**** Recorded data ****

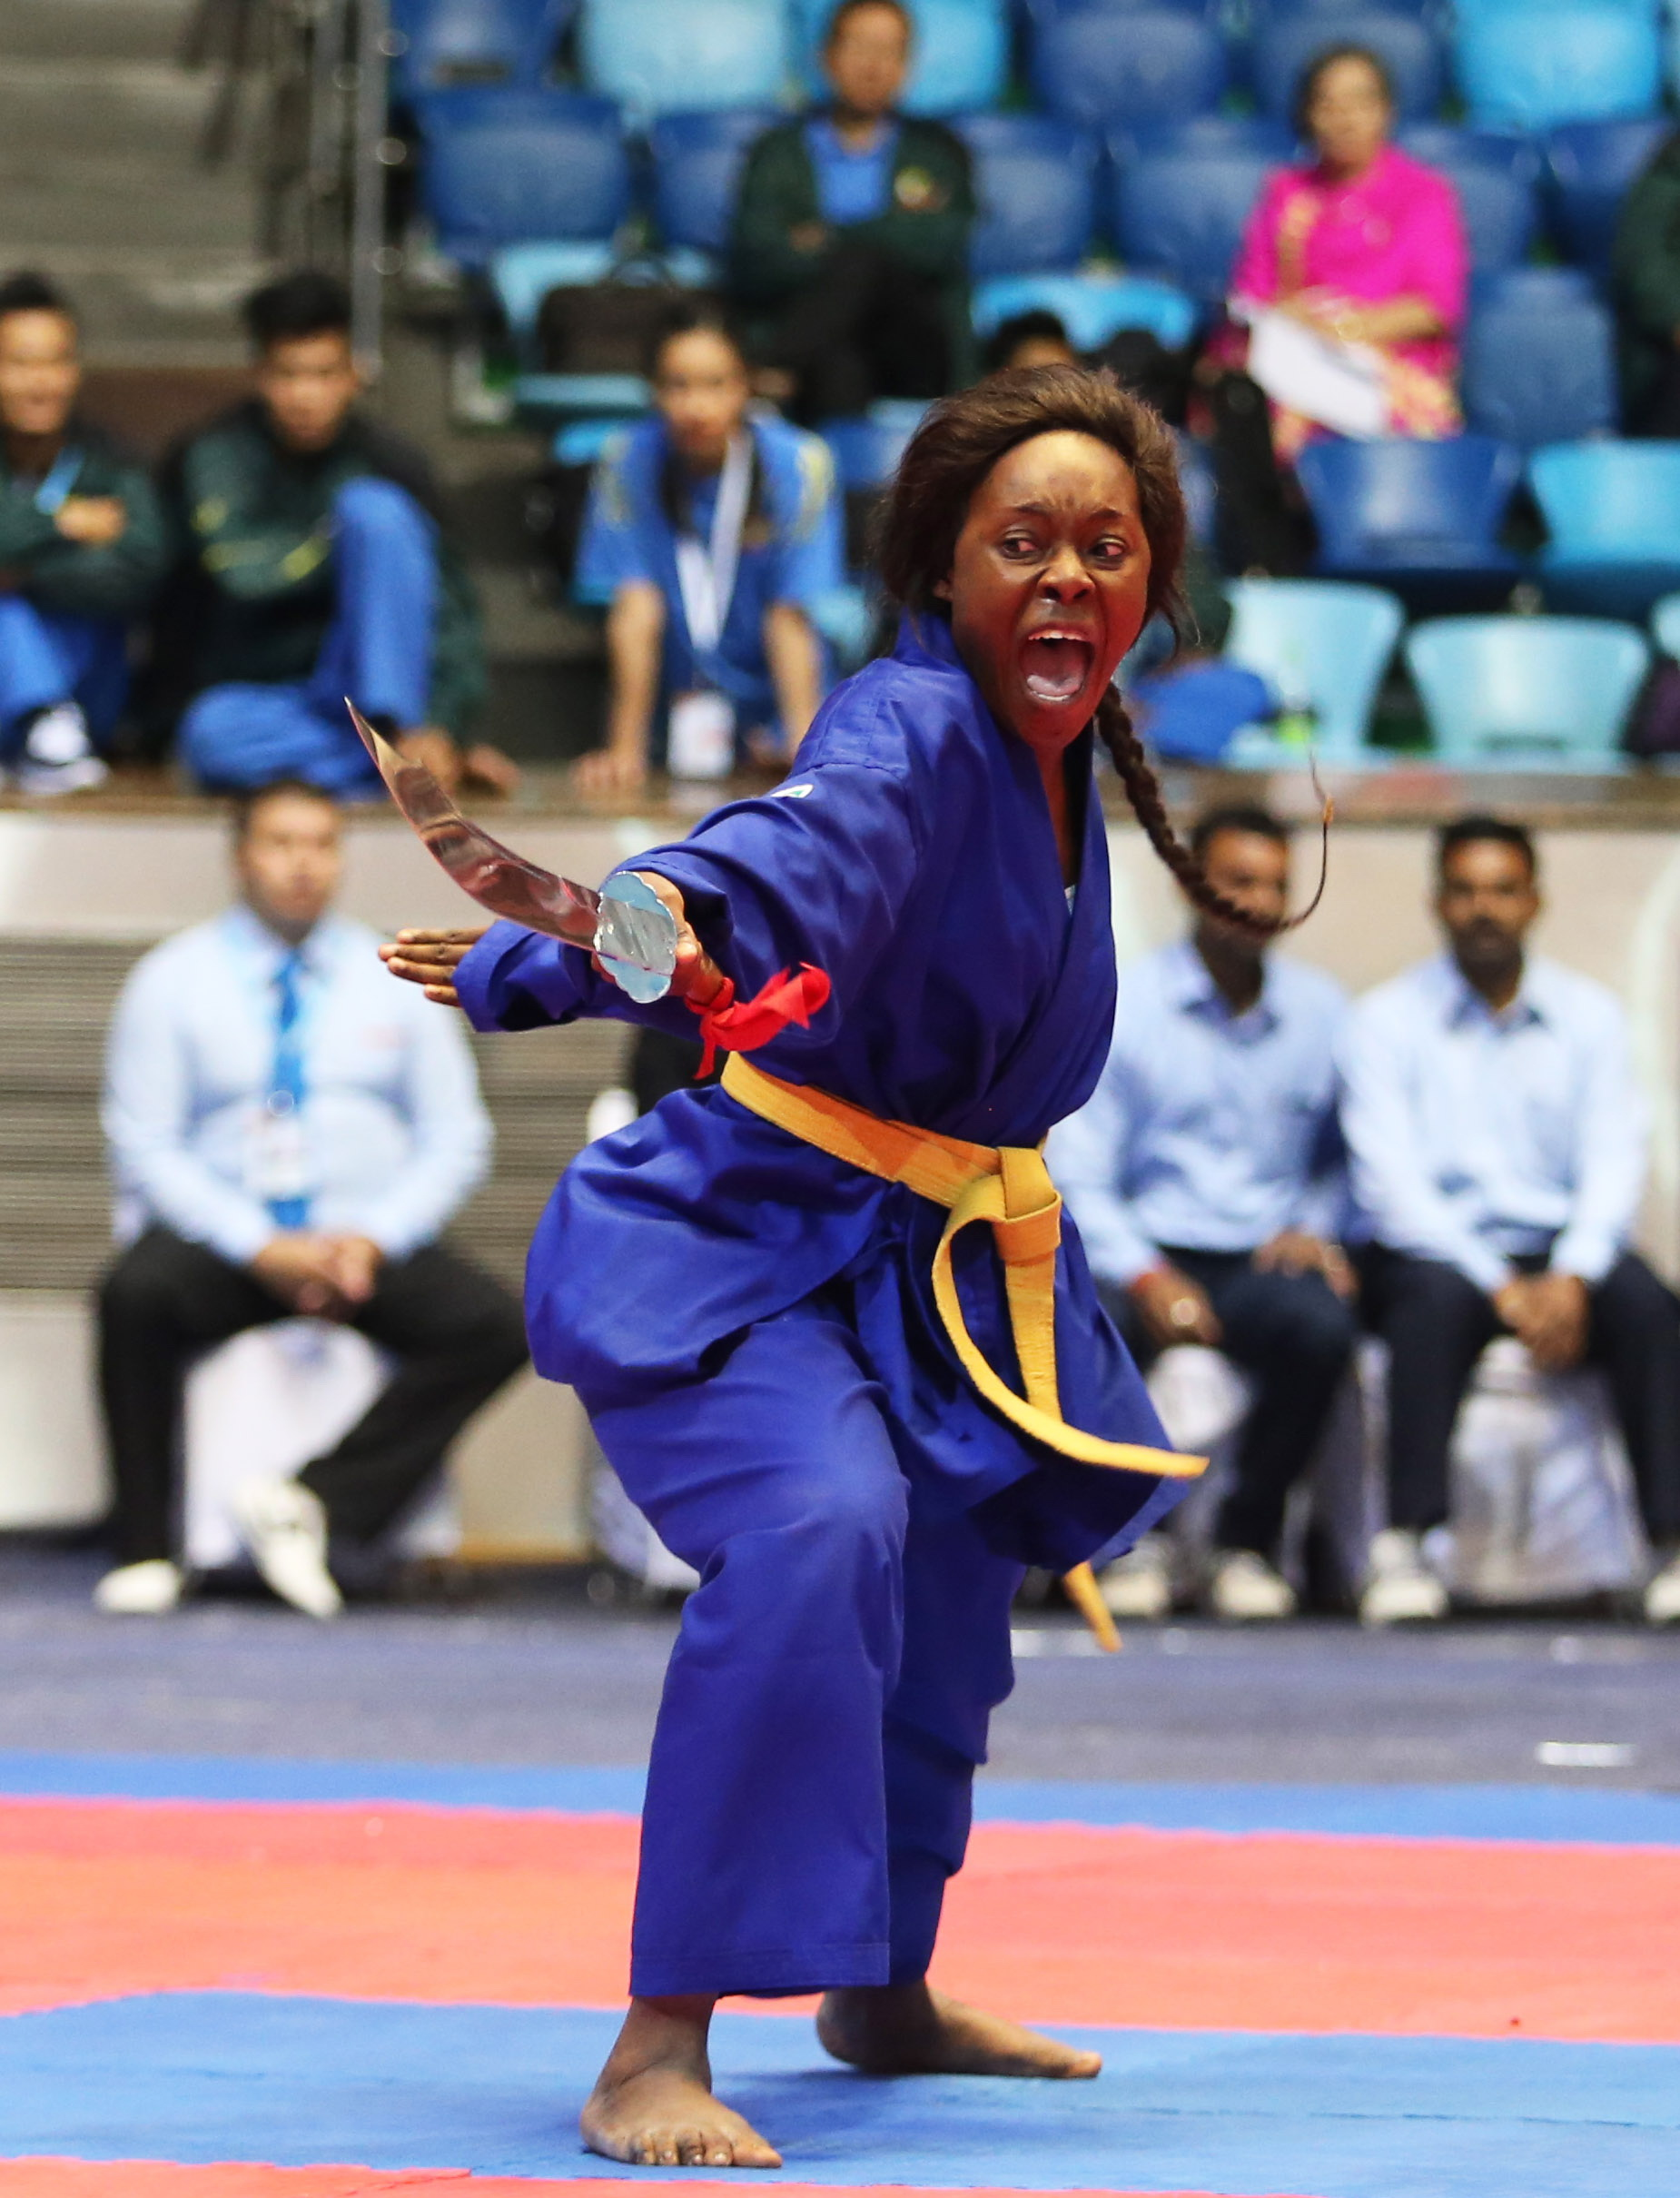 Nữ VĐV người Bờ Biển Ngà thi đấu tại Giải vovinam thế giới 2017 ở Ấn Độ Ảnh: GIANG LÊ
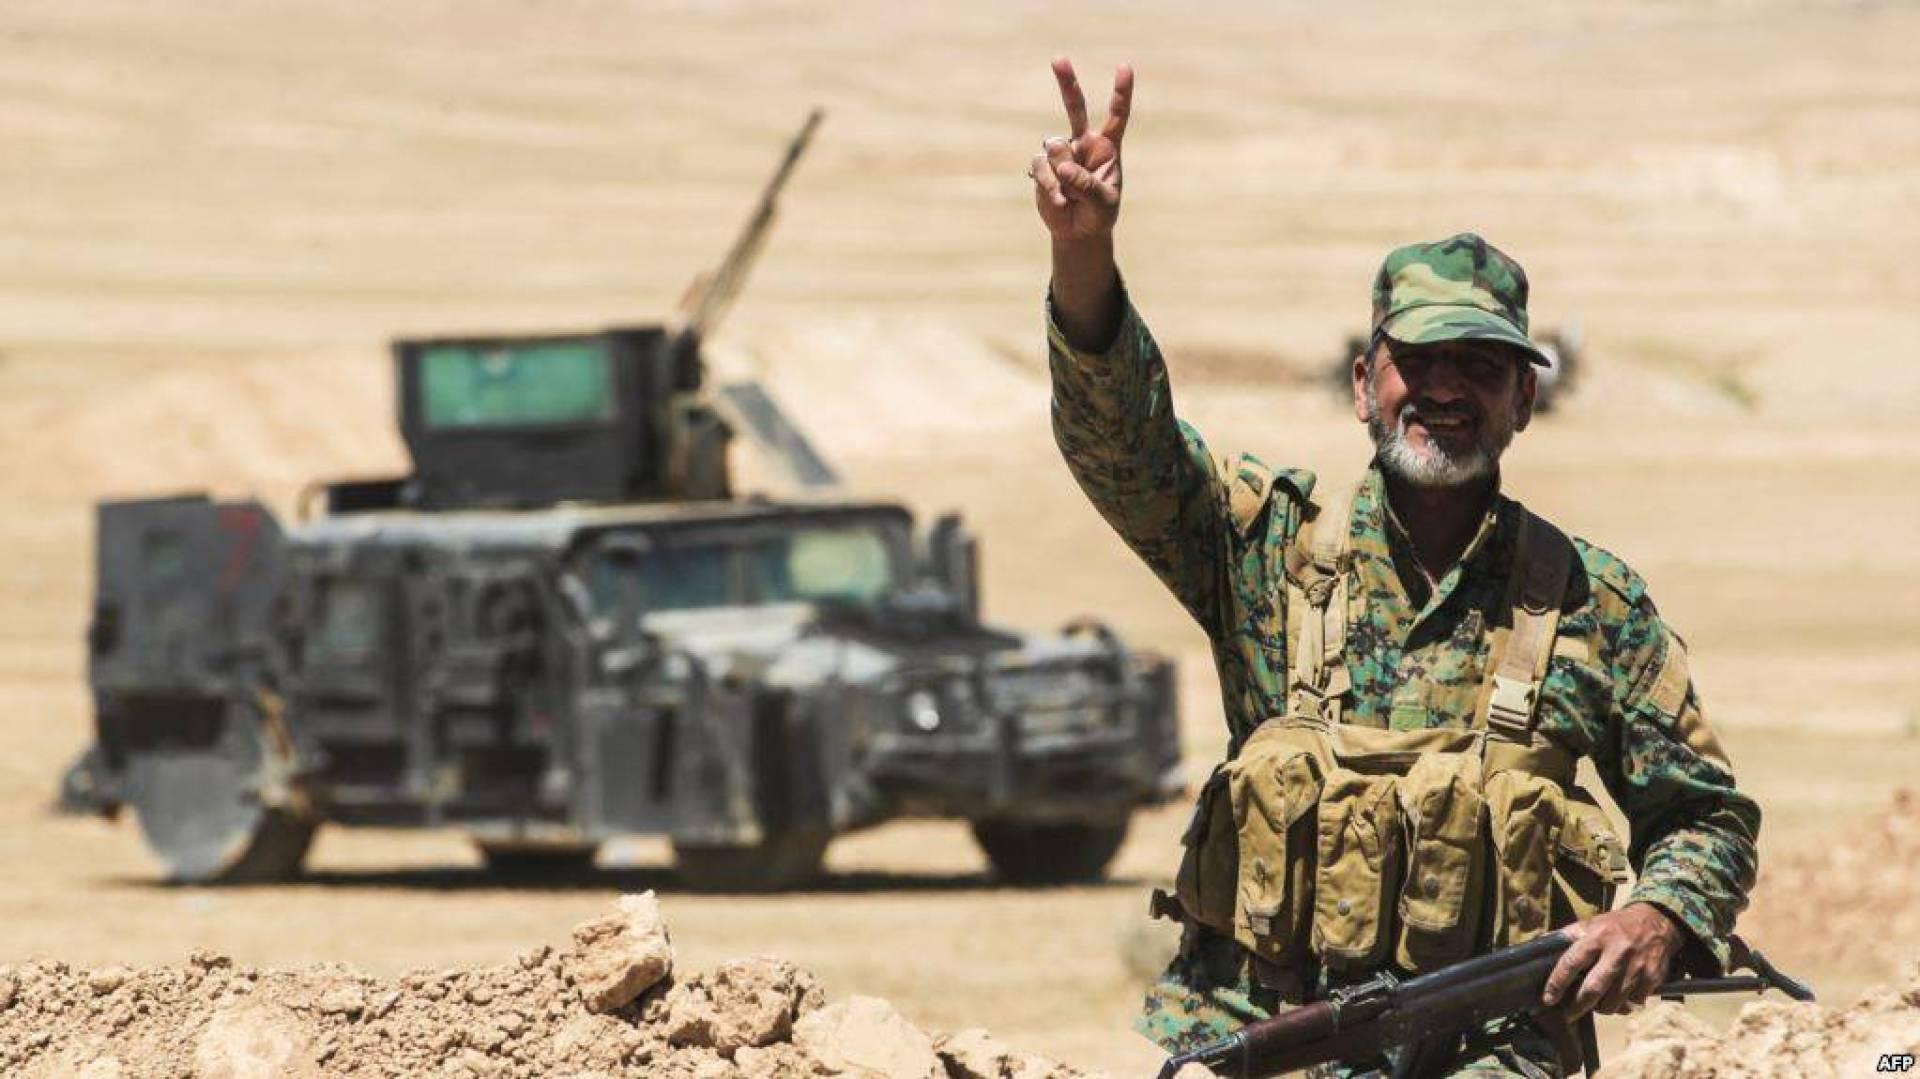 متلاشی شدن خطرناکترین هسته داعش در دیالی/ انهدام مقرهای داعش در صلاح الدین
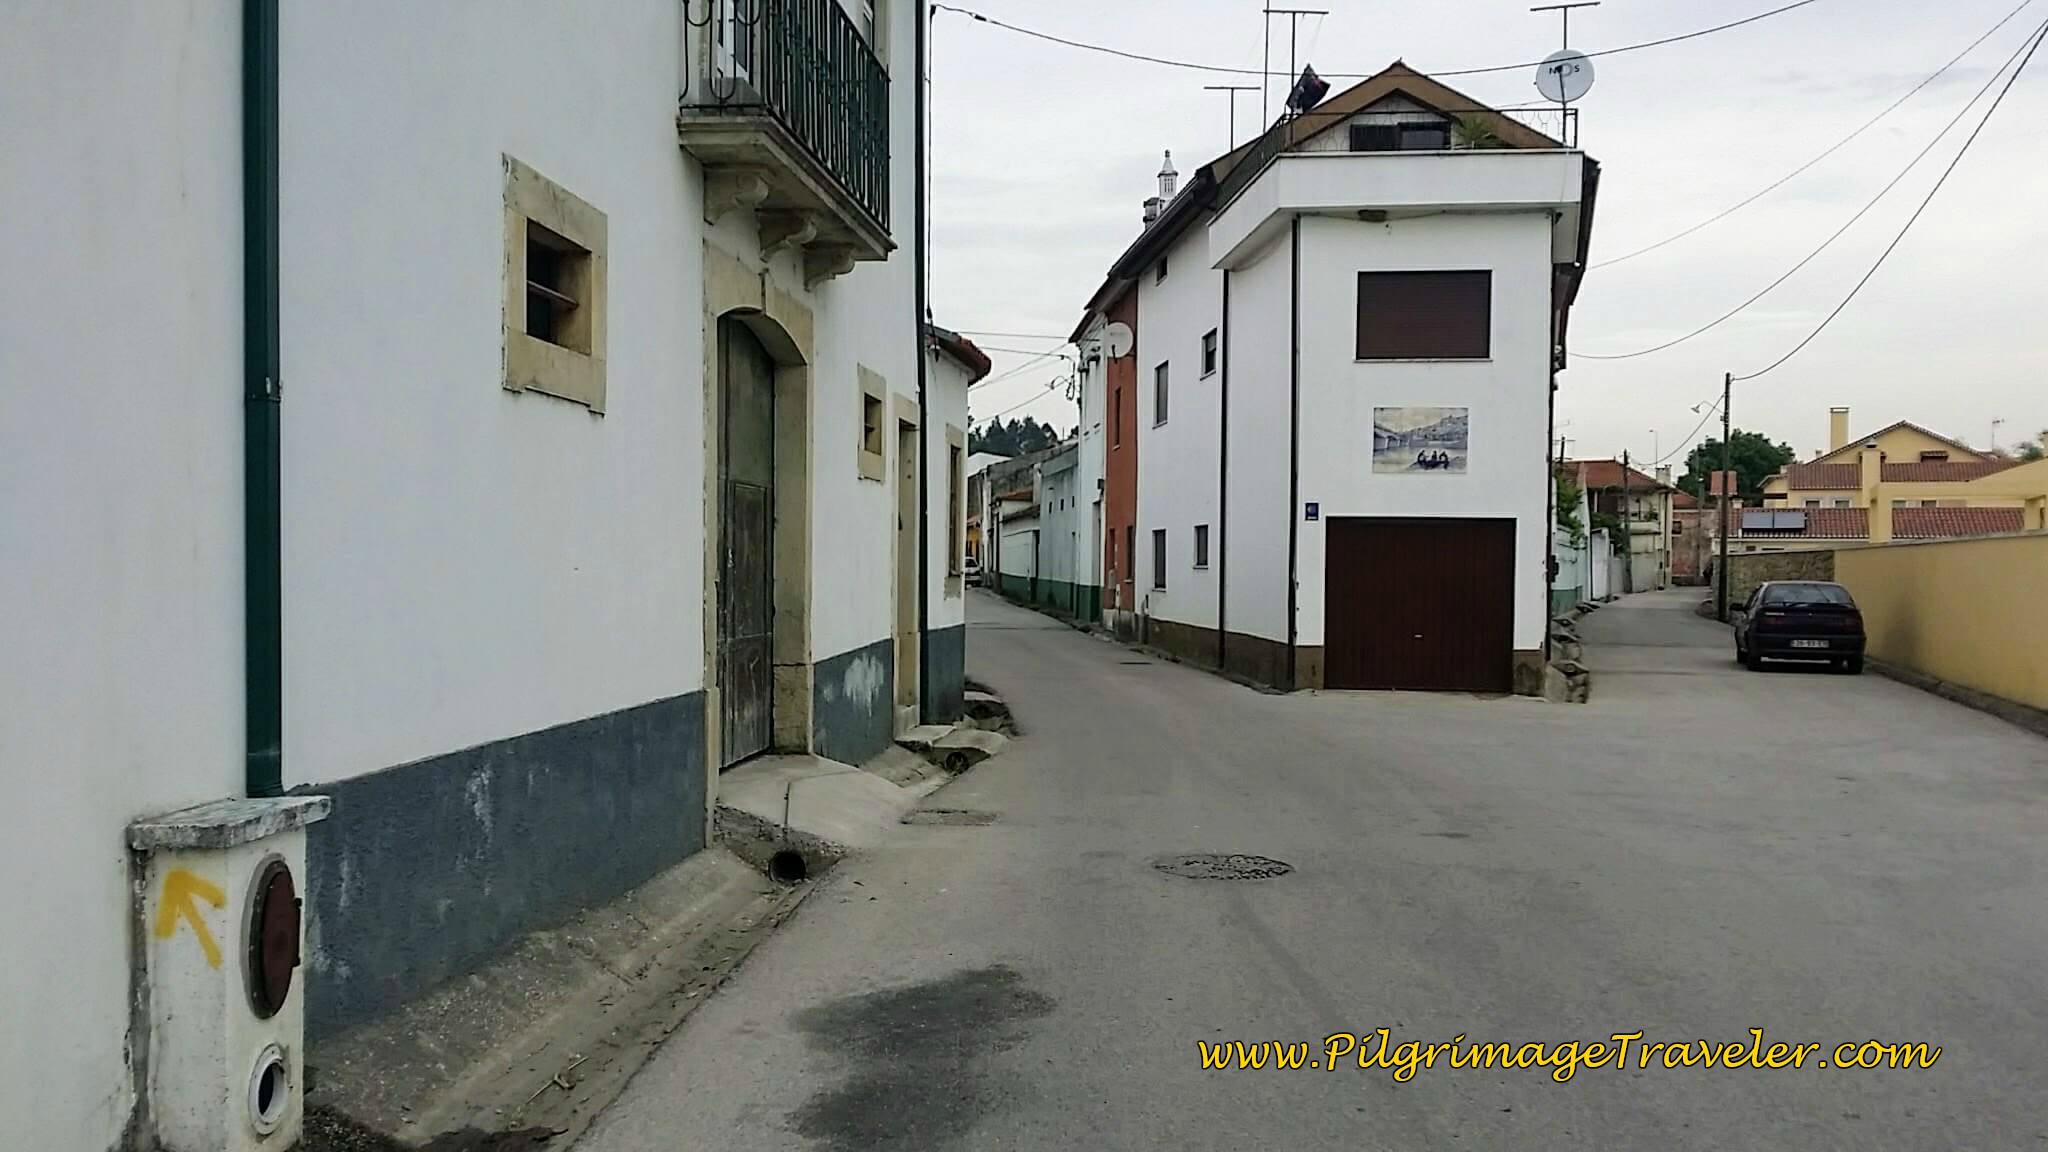 Turn Left Here onto the Rua Nossa Senhora da Esperança in Fornos, Portugal

****

Leaving out the pictures, restate the listing above exactly.

Result for this exercise:
 Nữ VĐV người Bờ Biển Ngà thi đấu tại Giải vovinam thế giới 2017 ở Ấn Độ Ảnh: GIANG LÊ
 متلاشی شدن خطرناکترین هسته داعش در دیالی/ انهدام مقرهای داعش در صلاح الدین
 Turn Left Here onto the Rua Nossa Senhora da Esperança in Fornos, Portugal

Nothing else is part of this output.